Benchmark Results: When it comes to multi-core performance the Intel Core i7-3820 scored a respectable 7.26 points. That was enough to beat out the Core i7-2700K, but not by much!
Benchmark Results: A quick look at the single core CPU benchmark revealed that the Core i7-2700K and 3820 were basically performing the same!
This is our first use of Futuremark PCMark 7 for a processor review. PCMark 7 which is specifically designed for Windows 7. It measures the performance of the latest PC hardware across a variety of common scenarios.
PCMark Vantage 7 supports both system level and component level benchmarking and comprises several different test suites but for the purposes of this review, we employed the standard test suite. The nice thing about it is that you can submit your scores online and compare against others.
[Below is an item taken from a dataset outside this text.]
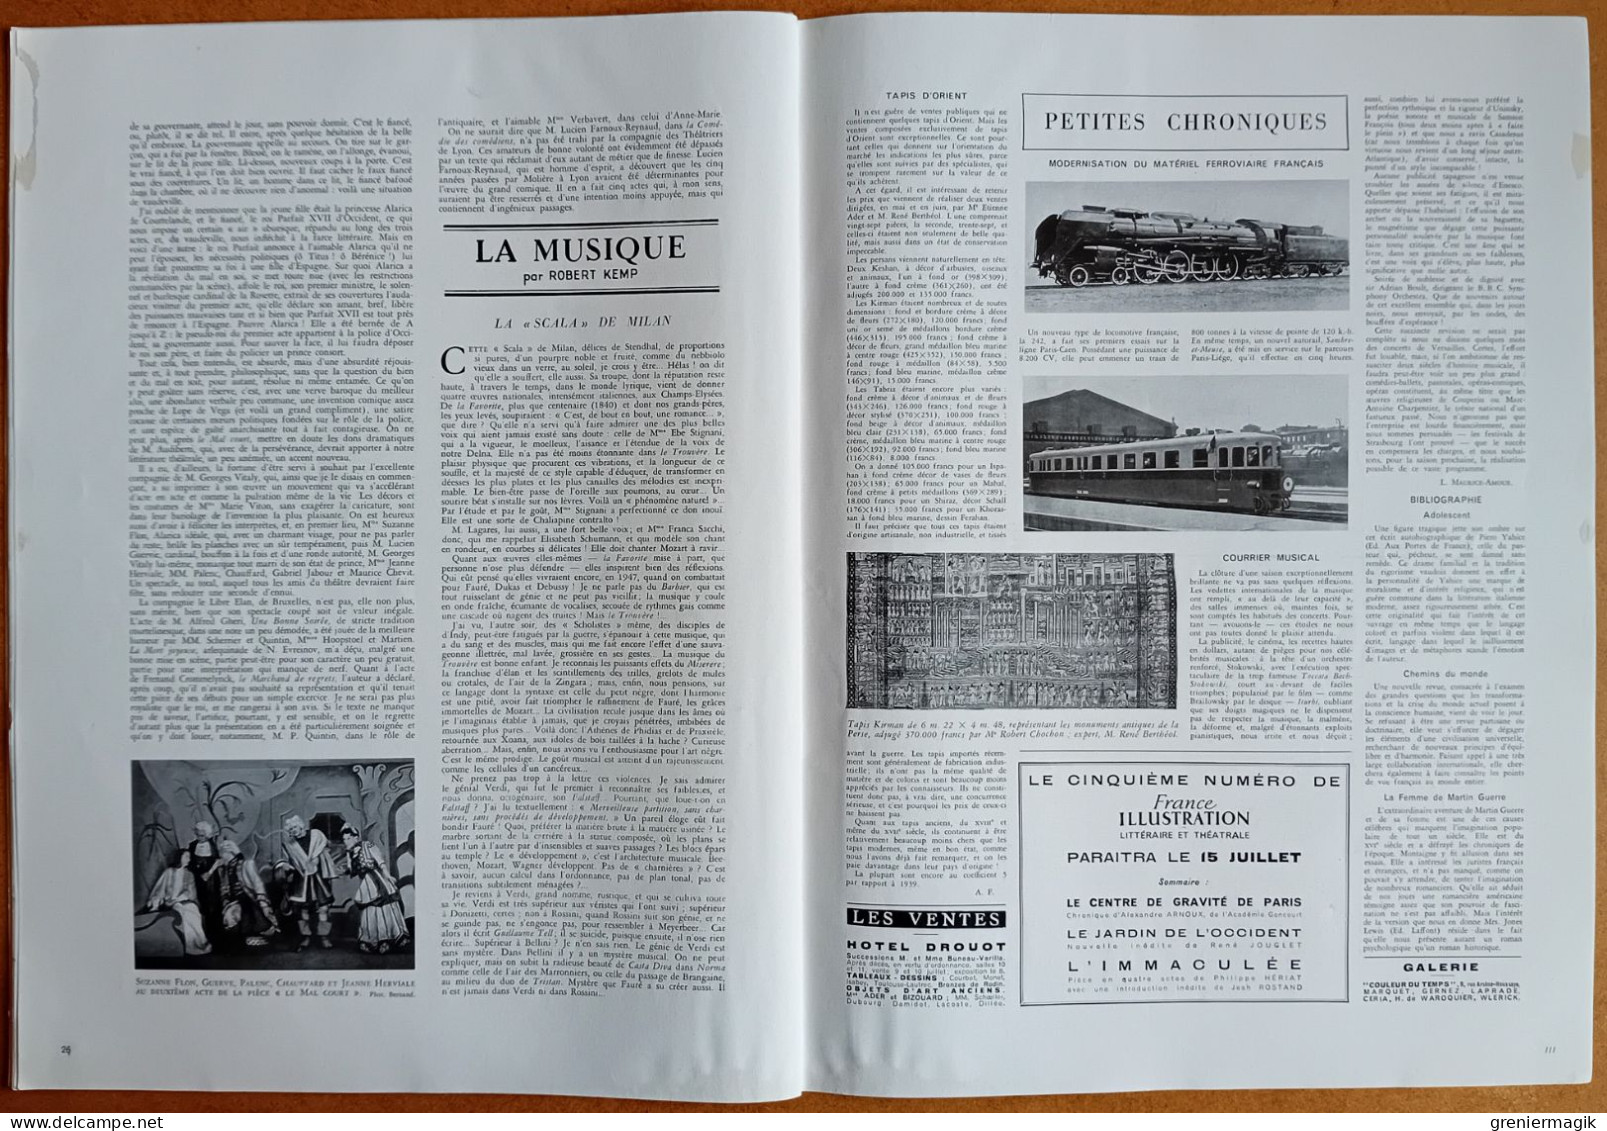 France Illustration N°92 05/07/1947 Tour de France/Palestine/Les derniers combats sur la Ligne Maginot/Marcq-en-Baroeul

Benchmark Results: Talk about a photo finish! The Intel Core i7-3960X finished only 94 points ahead of the Core i7-3820! It looks like the faster clock frequency on the Intel Core i7-3820 helped make up for the missing cores and cache in this test. Let's take a closer look at the results to see what the deciding factor was.
Intel Core i7-3960X Detailed Benchmark Results:
Intel Core i7-3820 Detailed Benchmark Results:
Looking at the detailed test results between the Intel Core i7-3960X and Core i7-3820 processors we
can see that the Core i7-3960X looks to have won thanks to better performance in the video playback and transcoding downscaling test.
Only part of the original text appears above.